**Exercise aim**
Set down exactly the lines that run from the one containing "Porsche 930 TAG" to the end of the material below, both included, without pictures.

**Data shown**
*** Block opens ***

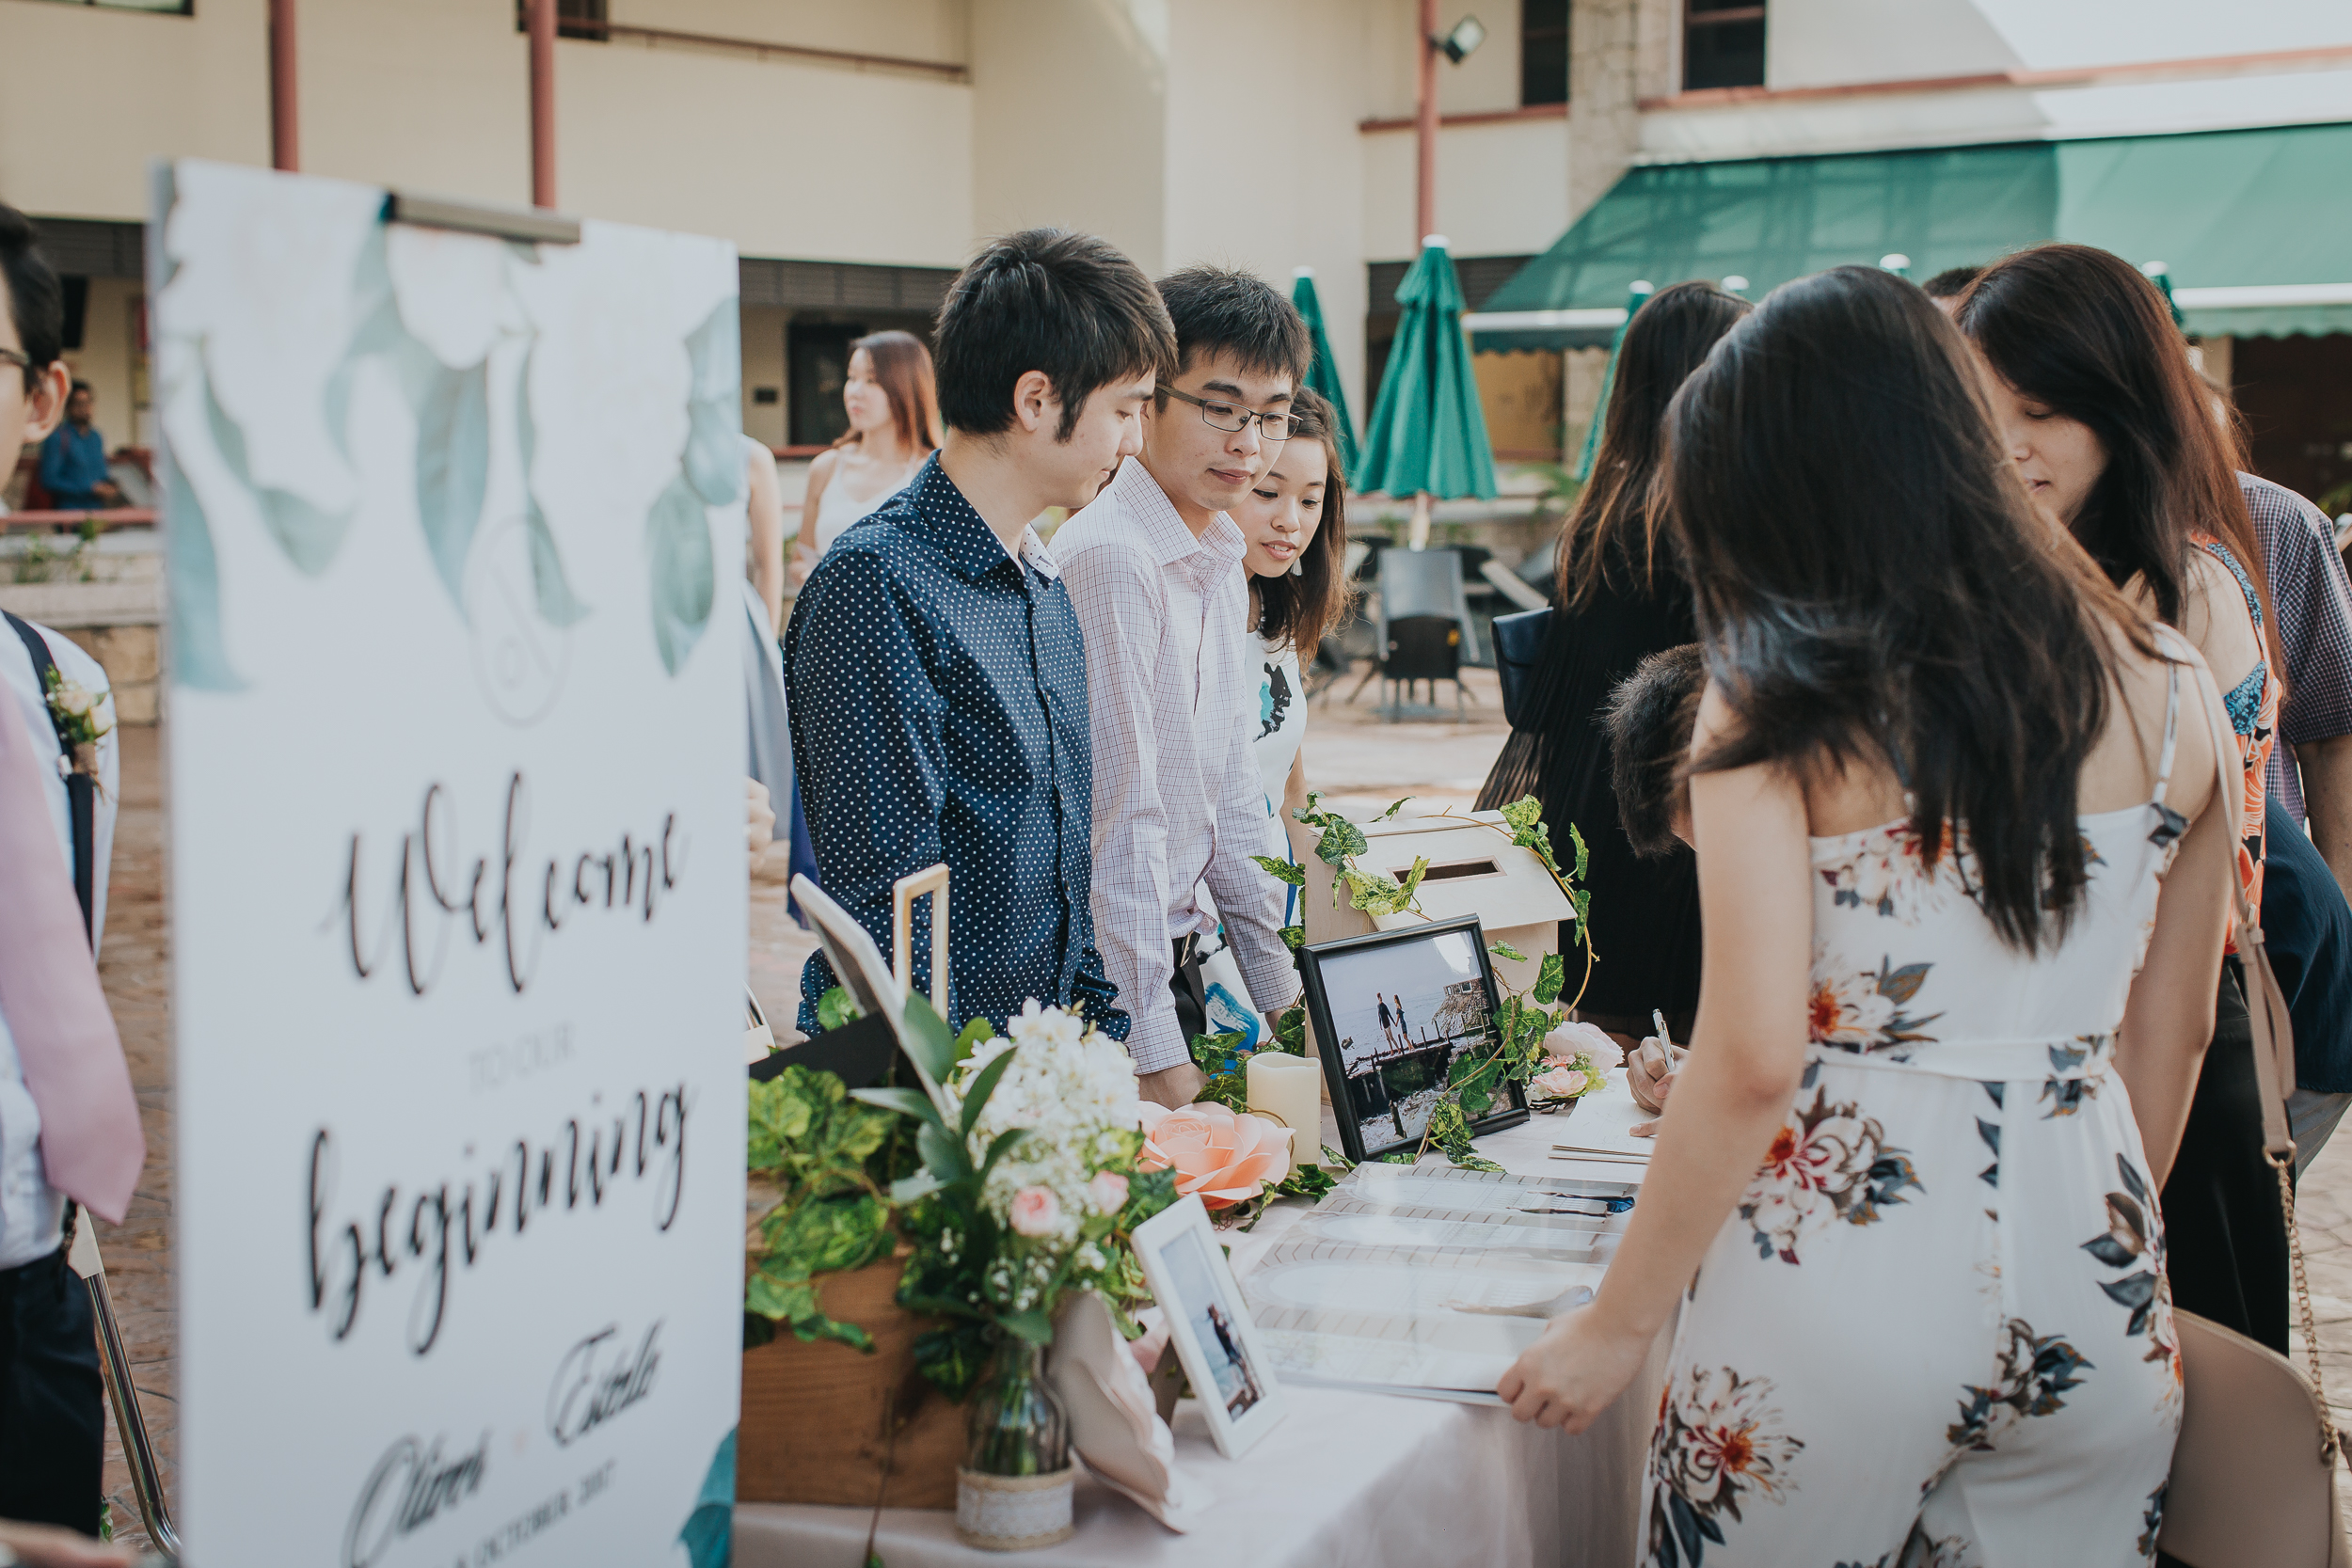 Singapore+Actual+Day+Wedding+Photographer+Grand+Mercure+Oliver+Estelle-0037.jpg
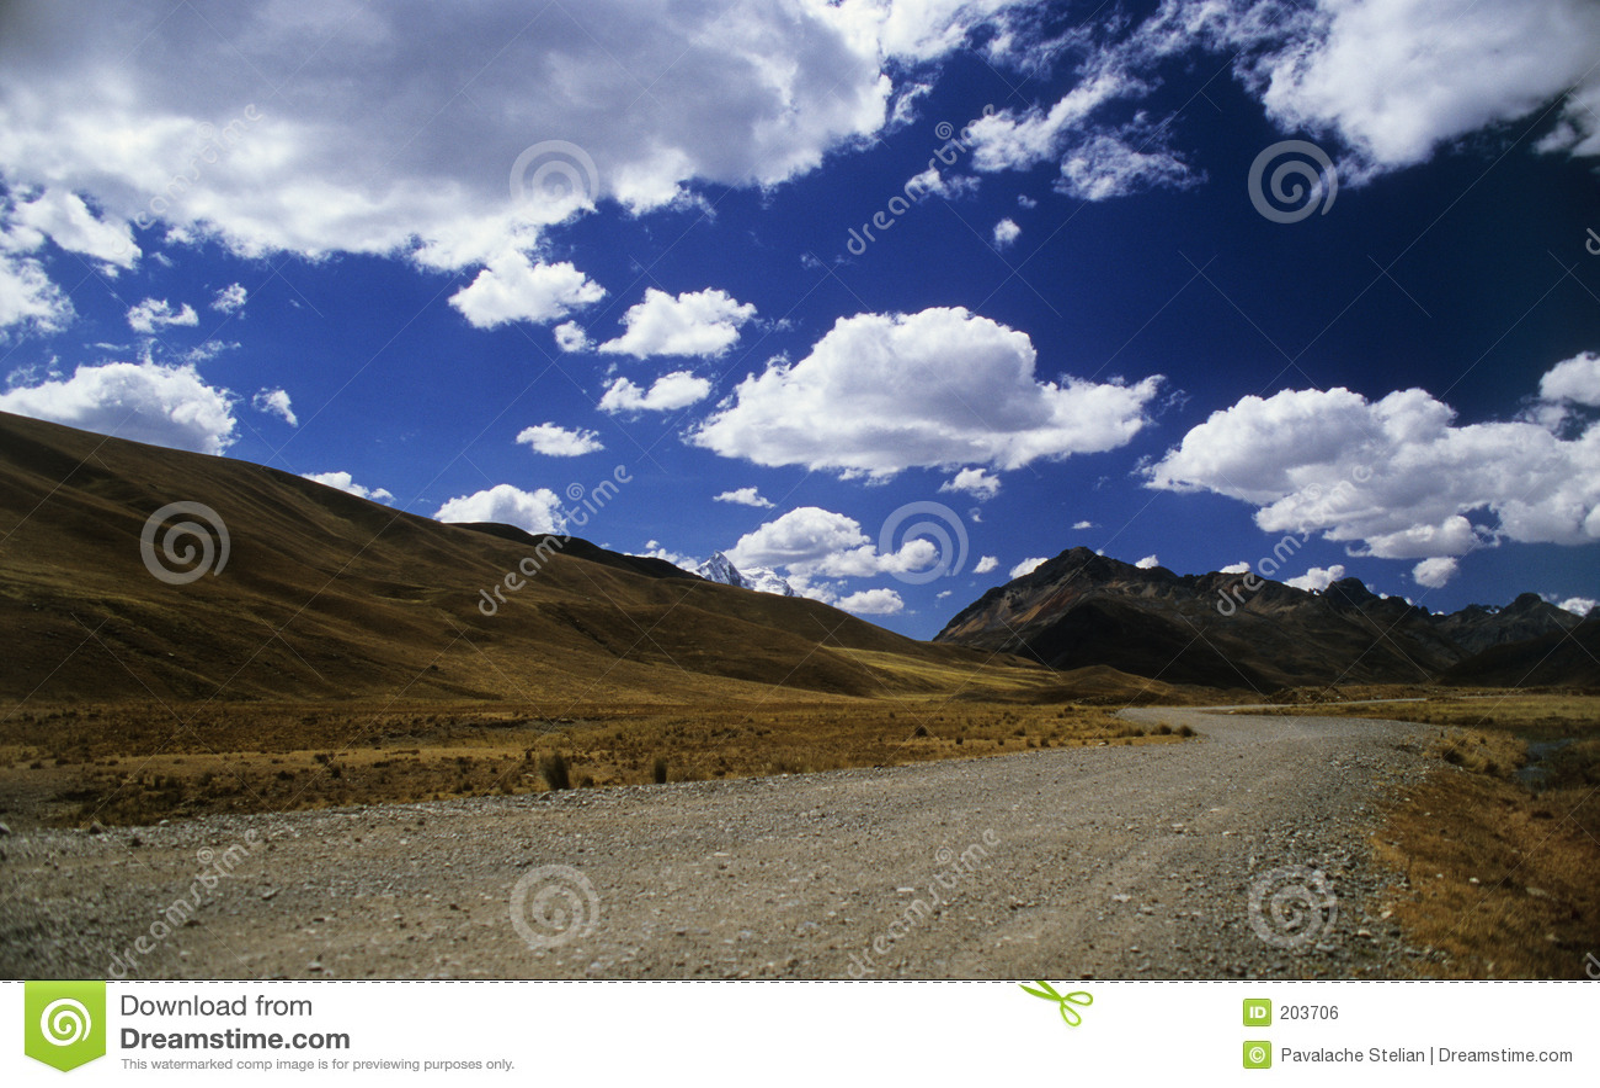 Strada a cielo #1
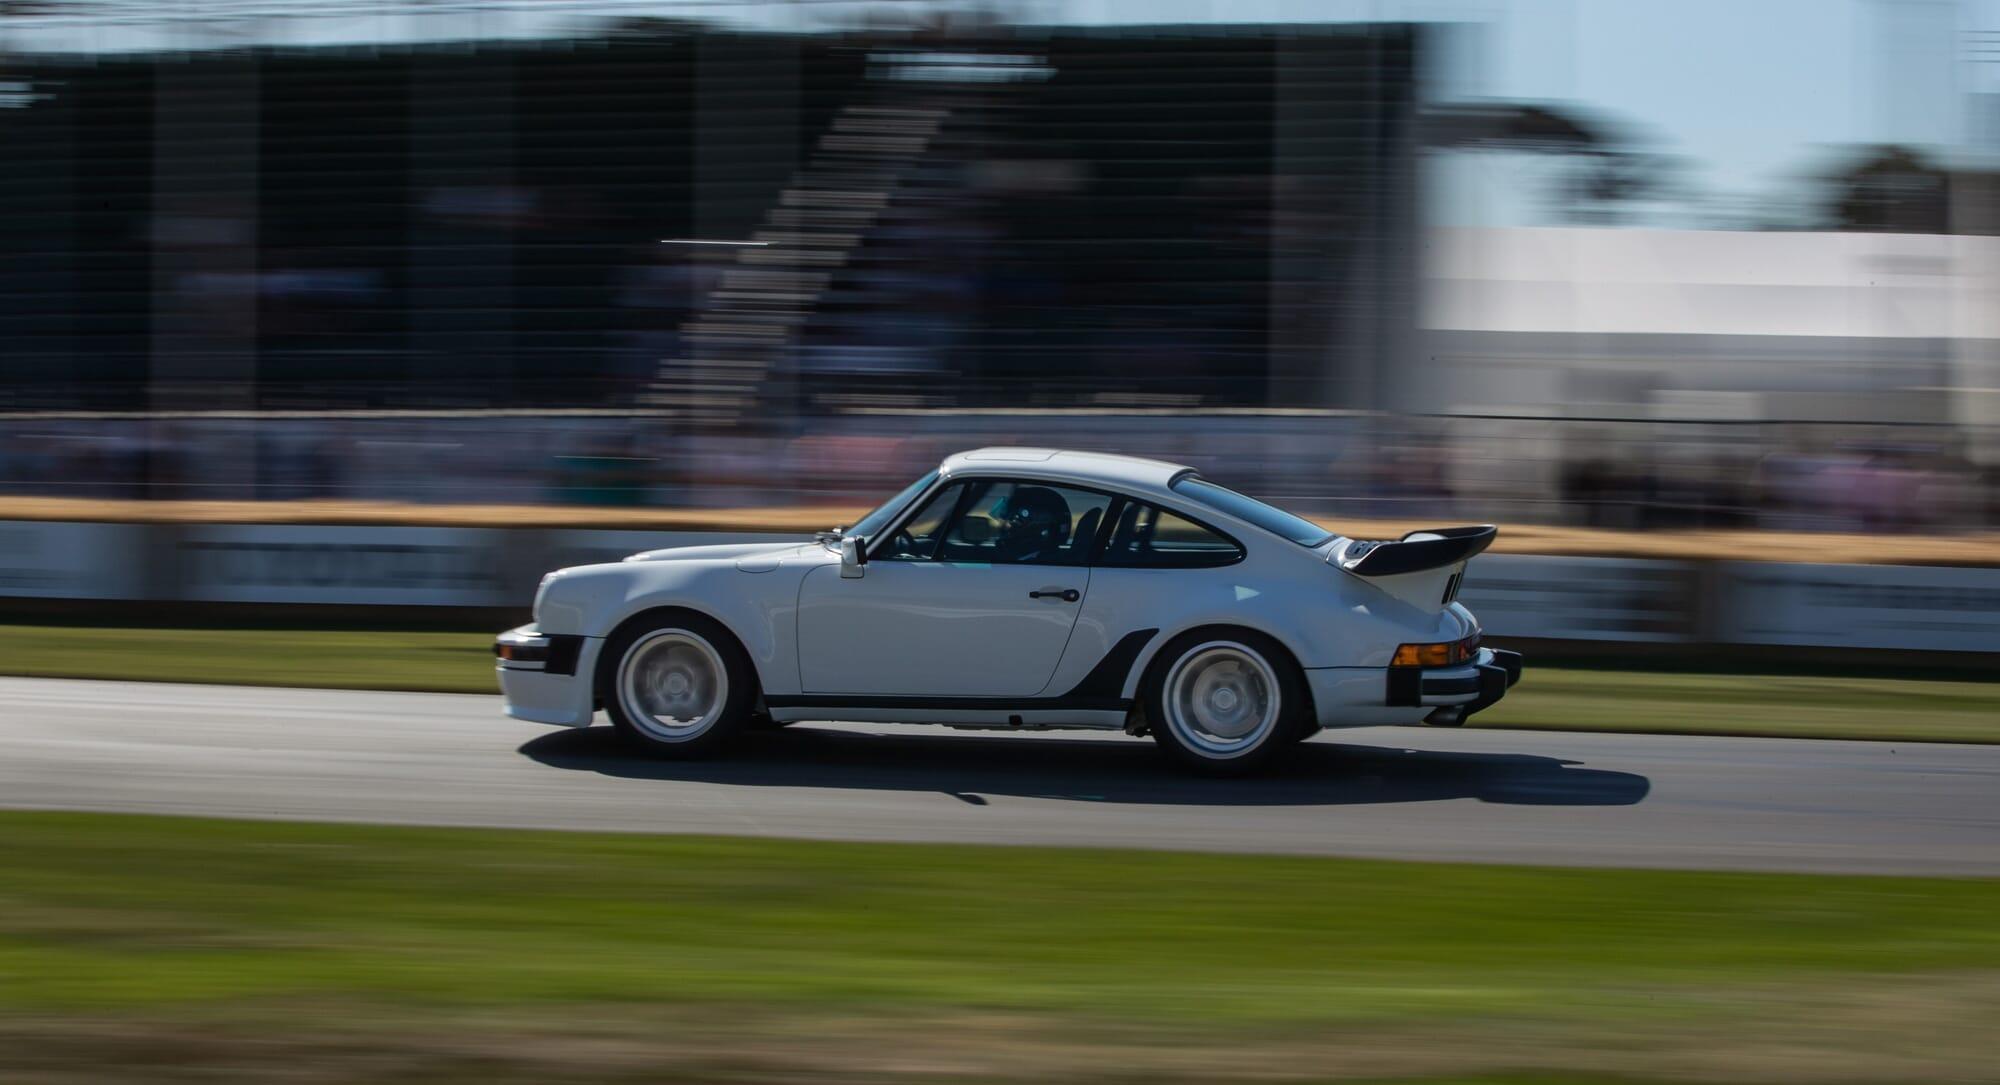 Porsche 930 TAG Turbo: Formula One power in a road car
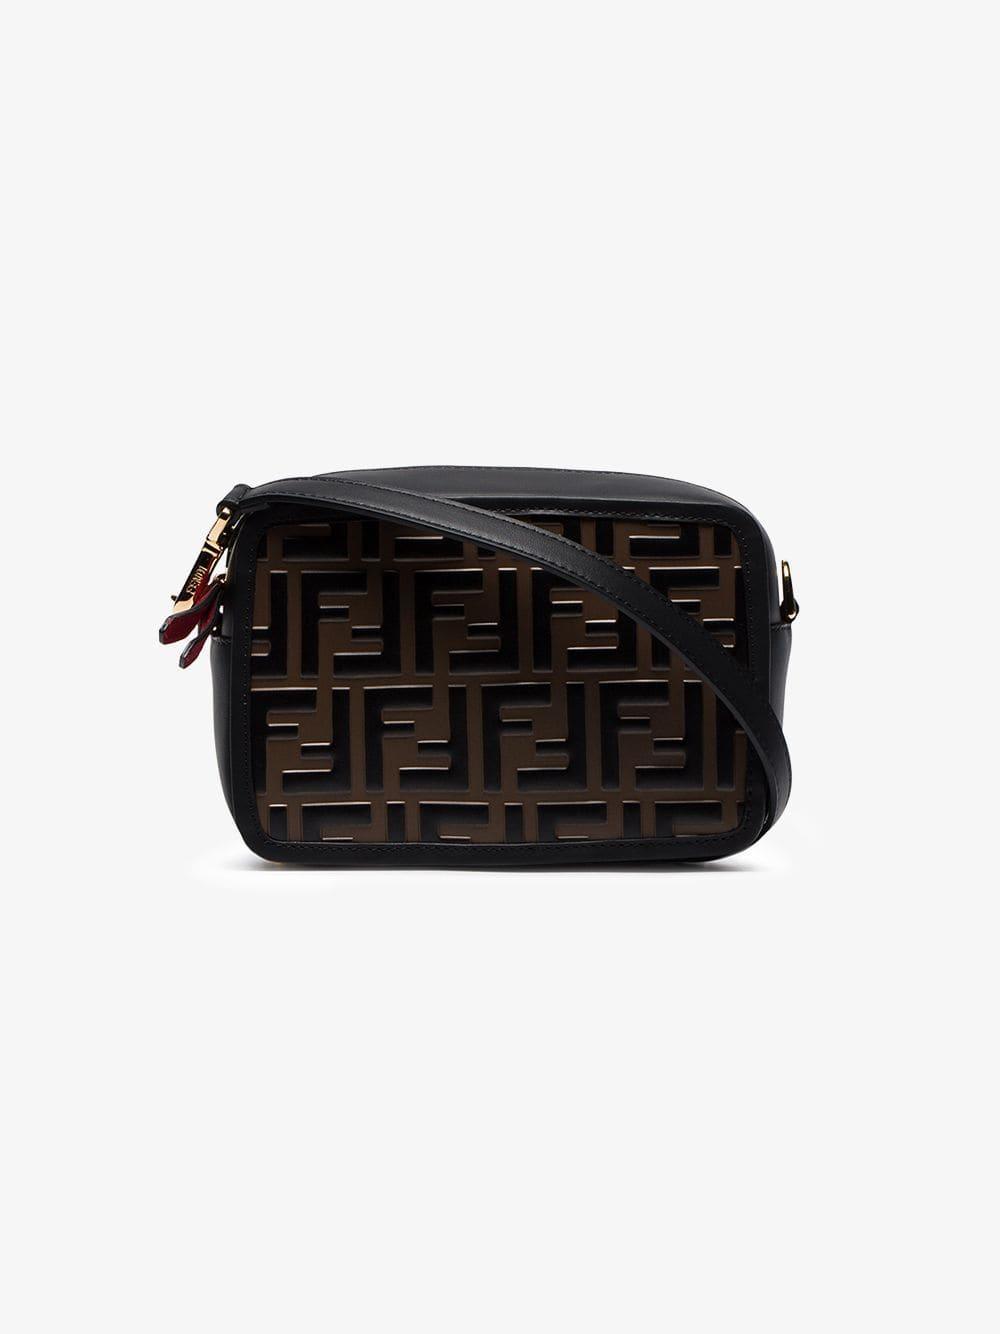 783804a83f1d Fendi Black Camera Case Leather Cross Body Bag in Black - Save 3% - Lyst

*** Block closes ***

**Output below**
 Porsche 930 TAG Turbo: Formula One power in a road car
 783804a83f1d Fendi Black Camera Case Leather Cross Body Bag in Black - Save 3% - Lyst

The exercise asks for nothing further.